Suriye’deki yeni döneme ilişkin de açıklamalarda bulunan Tiryakioğlu, "Suriye’nin yeniden inşa sürecinde tarım ve gıda sanayimizin üstleneceği rol, bölgedeki gıda arz güvenliğinin sağlanmasına katkı sunacak ve Türkiye’nin bölgesel ticaretteki etkisini güçlendirecektir. Üretim kapasitemiz, lojistik avantajımız ve kaliteli tarım ürünlerimizle, Türkiye bu süreçte güçlü bir tedarikçi olarak ön plana çıkacaktır" ifadelerini kullandı.

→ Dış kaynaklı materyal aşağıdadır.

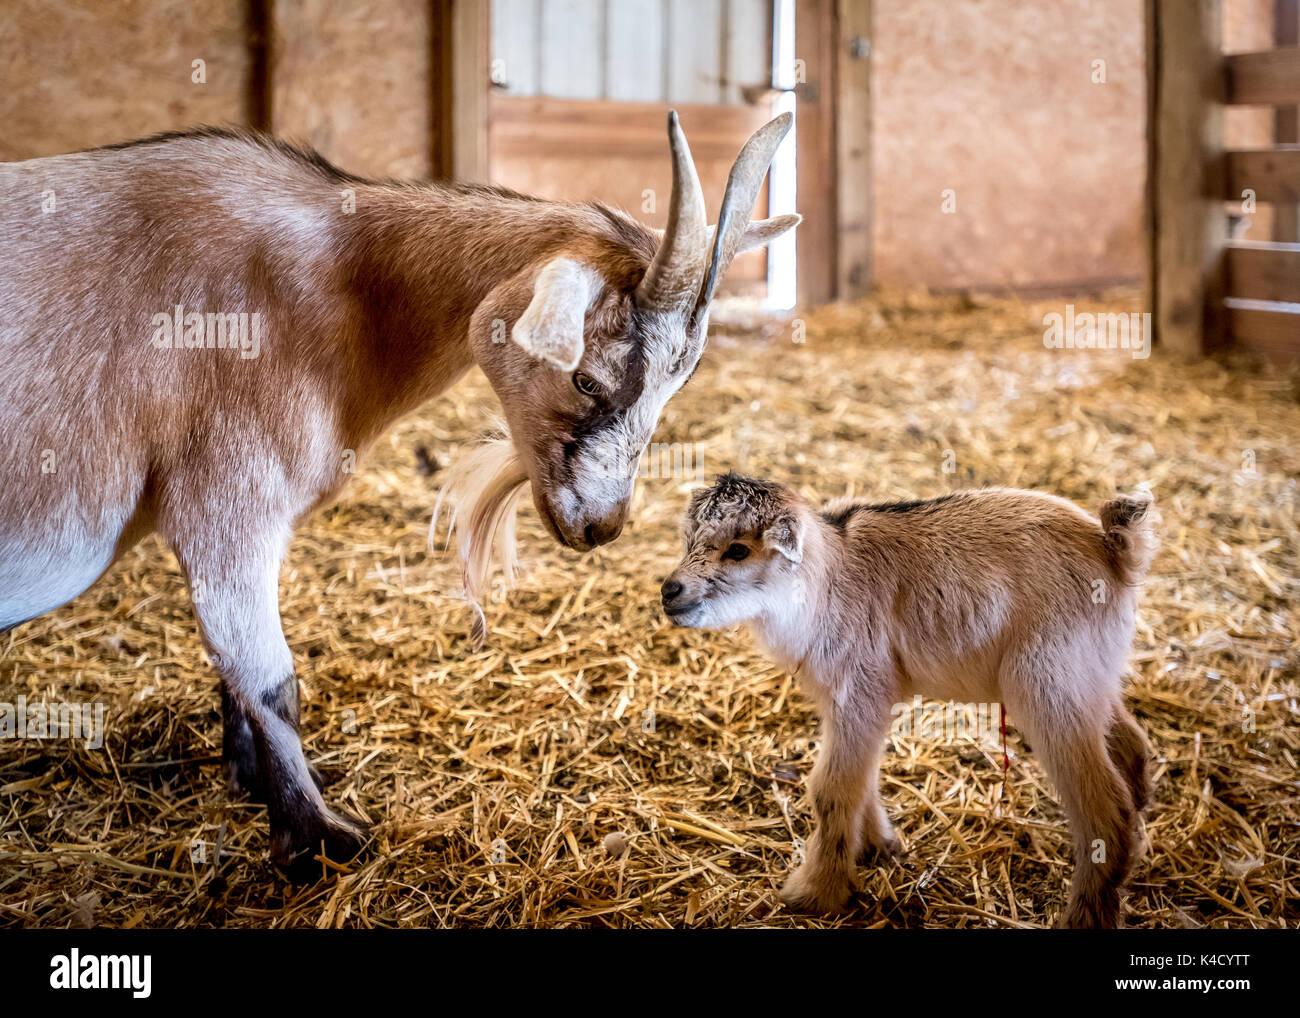 Una mirada amorosa de la madre al bebé recién nacido CABRA CABRA, cordón umbilical todavía visibles, tomando los primeros pasos en el granero en el Valle de Willamette en Oregon. Imagen De Stock

GTB Yönetim Kurulu Başkanı Mehmet Akıncı da Aralık ayı olağan meclis toplantısında, borsanın 2024 yılı faaliyetleri ve 2025 yılı hedefleri hakkında bilgiler verdi. 2025 yılının Gaziantep’e ve tüm Türkiye’ye hayırlar getirmesi temennisinde bulunan Akıncı, yeni yılın, dünyada zulmün ve savaşların son bulduğu, barışın ve huzurun hâkim olduğu bir dönem olmasını diledi.


2024 yılının dünyada ekonomi alanında derin belirsizliklerin ve dalgalanmaların etkisini hissettirdiği bir dönem olarak geride kaldığını kaydeden Akıncı, “Küresel ticaretteki daralma ve jeopolitik tansiyonlar, özellikle ihracat odaklı bölgeler üzerinde büyük baskılar oluşturdu. Ancak Gaziantep, tarihinden gelen birikimi, üretim yetenekleri ve stratejik avantajları sayesinde bu zorlu süreci dirençle karşılamayı başardı” ifadeleri kullanıldı.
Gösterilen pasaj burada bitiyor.